Alcohol isn’t necessarily making you as happy, horny, and indecorous as you think it is

REGAN SARMATIUK VOLUNTEER STAFF

You are what you drink — or, at least what you think you’ve drunk..
PHOTO: DAVID LIPNOWSKI

It’s horribly clichéd, but true nonetheless: university students are ardent drinkers, at least statistically speaking. There are a lot of figures out there, but a 2005 study revealed that 68 per cent of American college students reported drinking in the last month, and 42 per cent of those students admitted to binge drinking, which is typically defined as consuming five or more drinks in a short amount of time. A 2002 study comparing Canadian and American college-student drinking patterns found that American students tend to binge slightly more often, while Canadian students, not to be outdone, tend to drink more overall (oh, Canada).

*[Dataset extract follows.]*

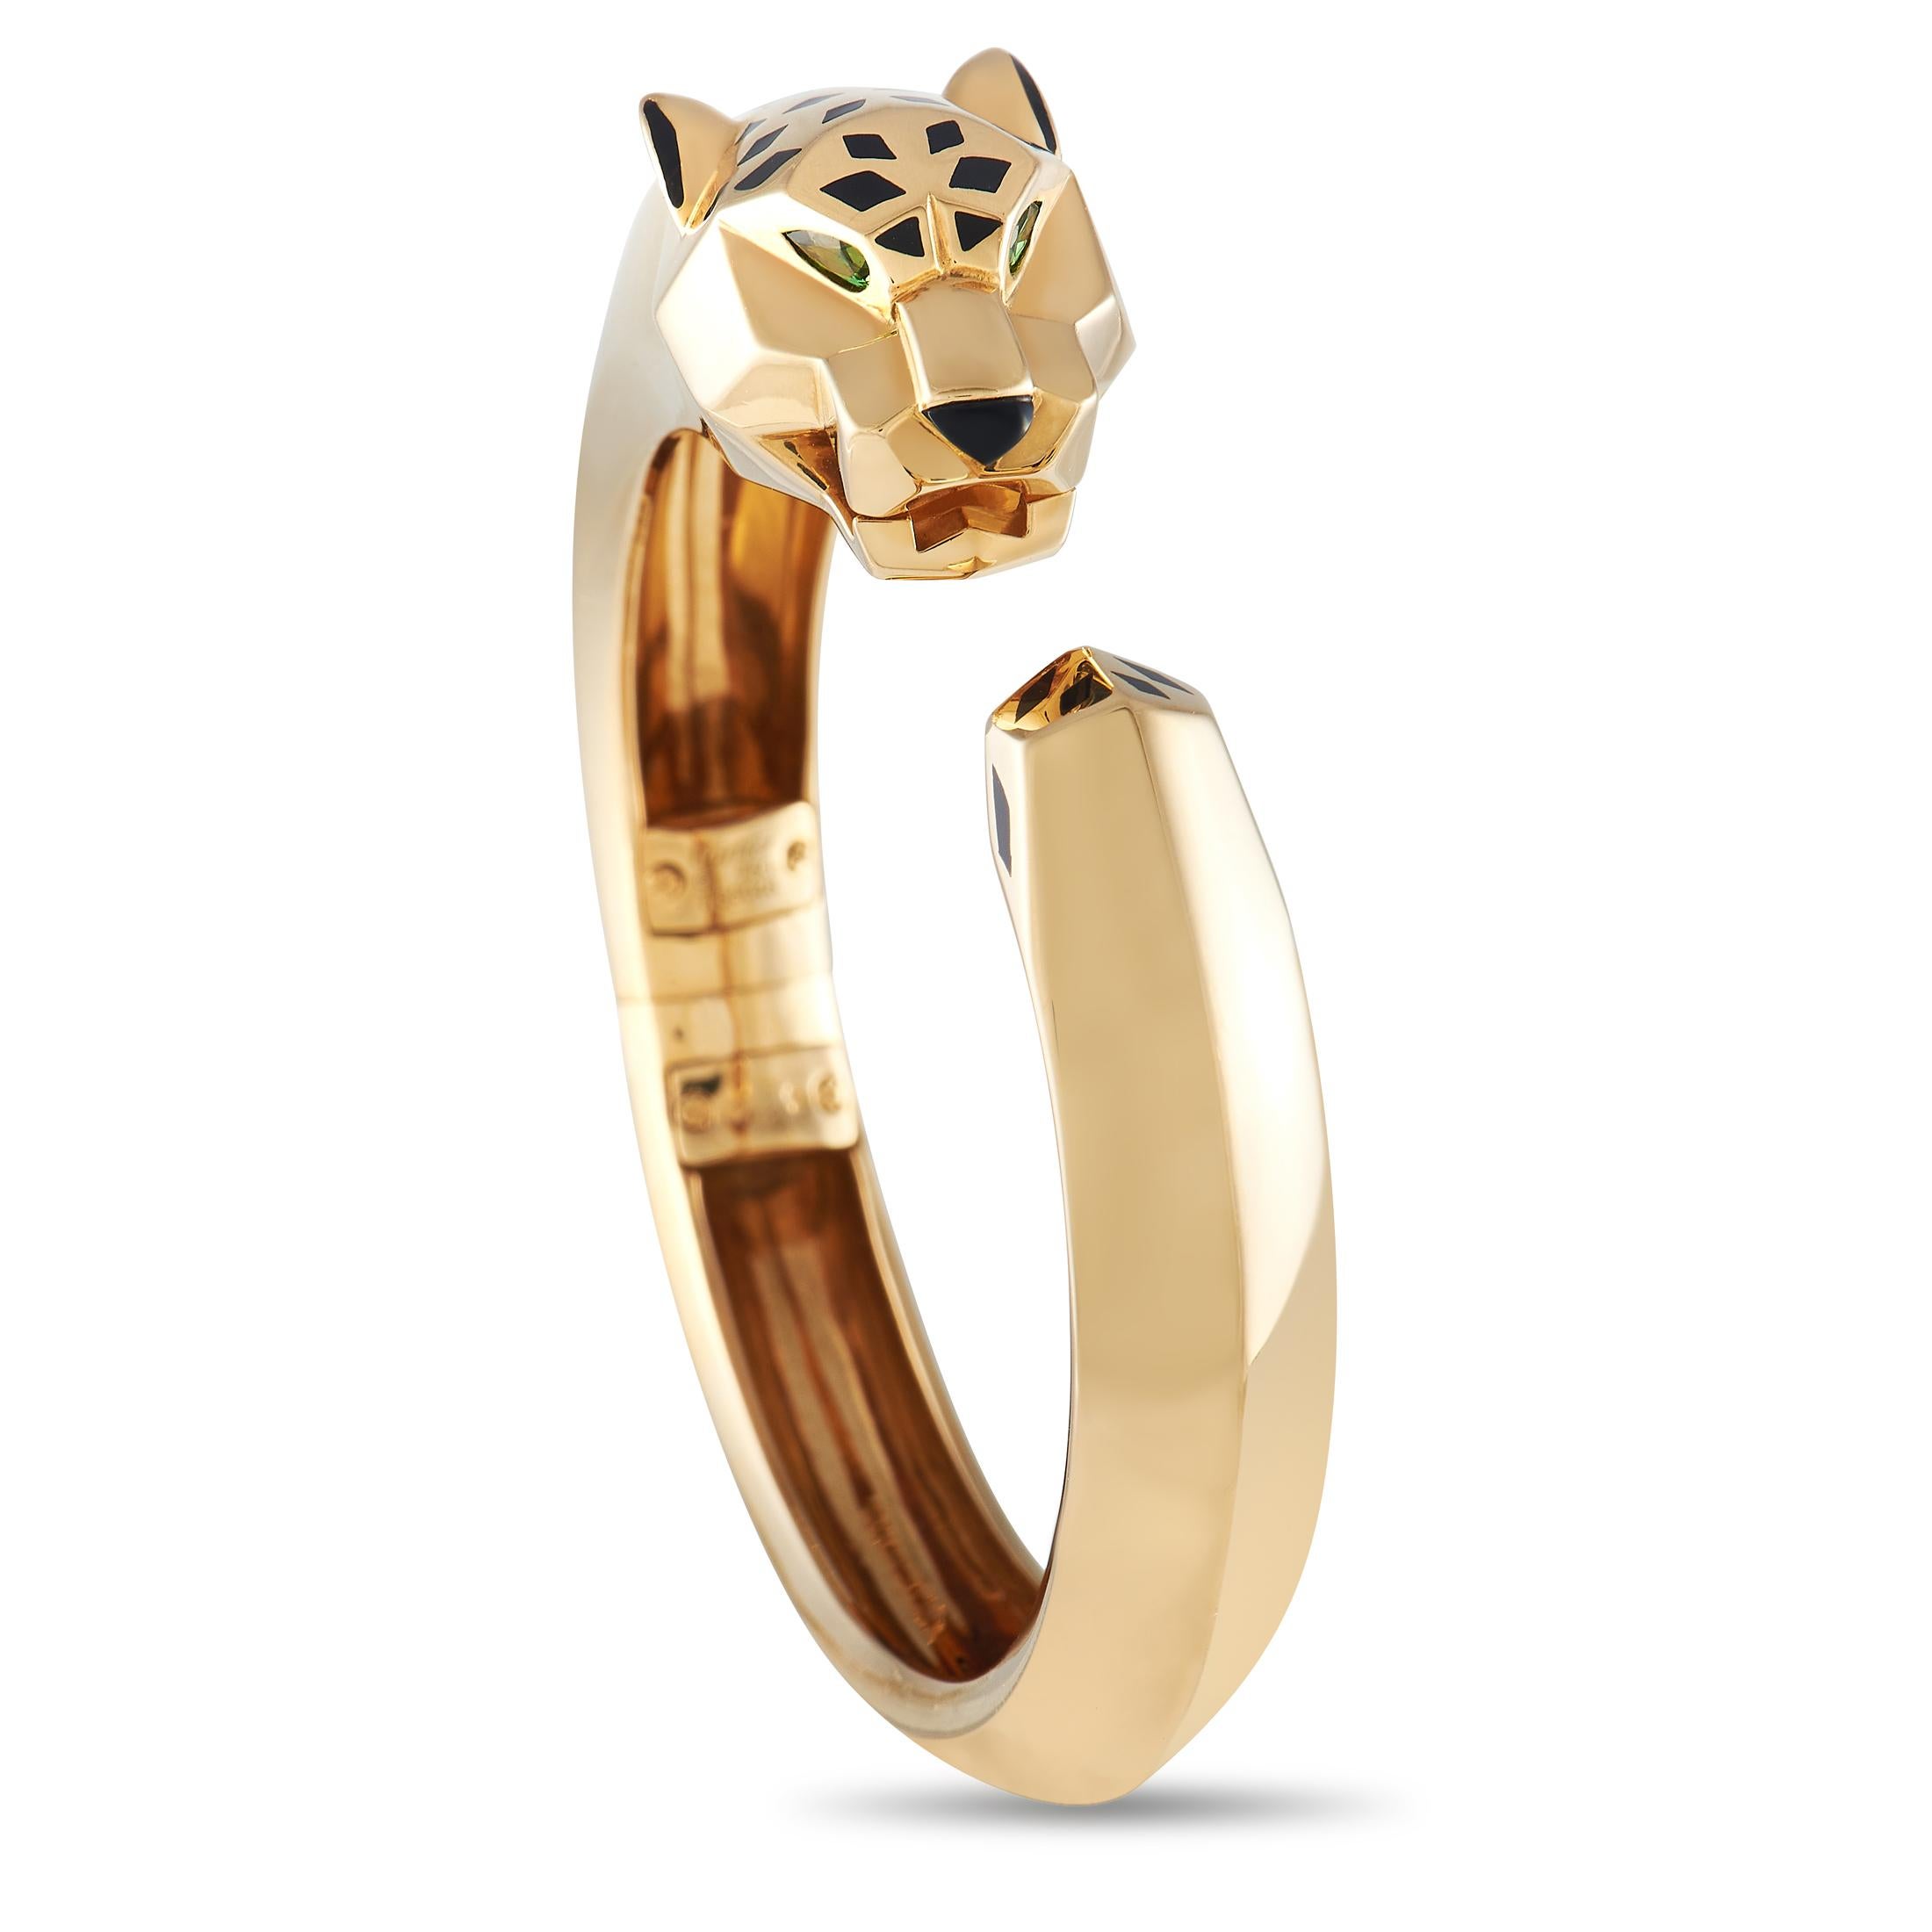 It doesn’t get any more captivating than this sleek, sophisticated Cartier Panthère de Cartier bracelet. Opulent 18K Yellow Gold highlights this piece’s clean lines and dramatic edges. Measuring 7.85” long, the brand’s iconic panther form is only

So it isn’t too terribly difficult to find someone with a killer “I was so drunk I ______” story on a university campus. I tried it last week, and a quick little jaunt up to Wise Guys On Campus produced a couple of colourful stories. One involved a late-night drunken ramble through the streets, complete with kitchen-pot hats and relay races, while the other featured a rude, early-morning awakening in a restaurant with no recollection of the chain of events leading up to said awakening.

The blank could be filled in with any number of versions of the story, but the point is the same, regardless of the specifics: drinking, especially in college-aged kids, leads to all kinds of behaviour that wouldn’t be engaged in outside the context of that Freudian state of “toxic satisfaction.”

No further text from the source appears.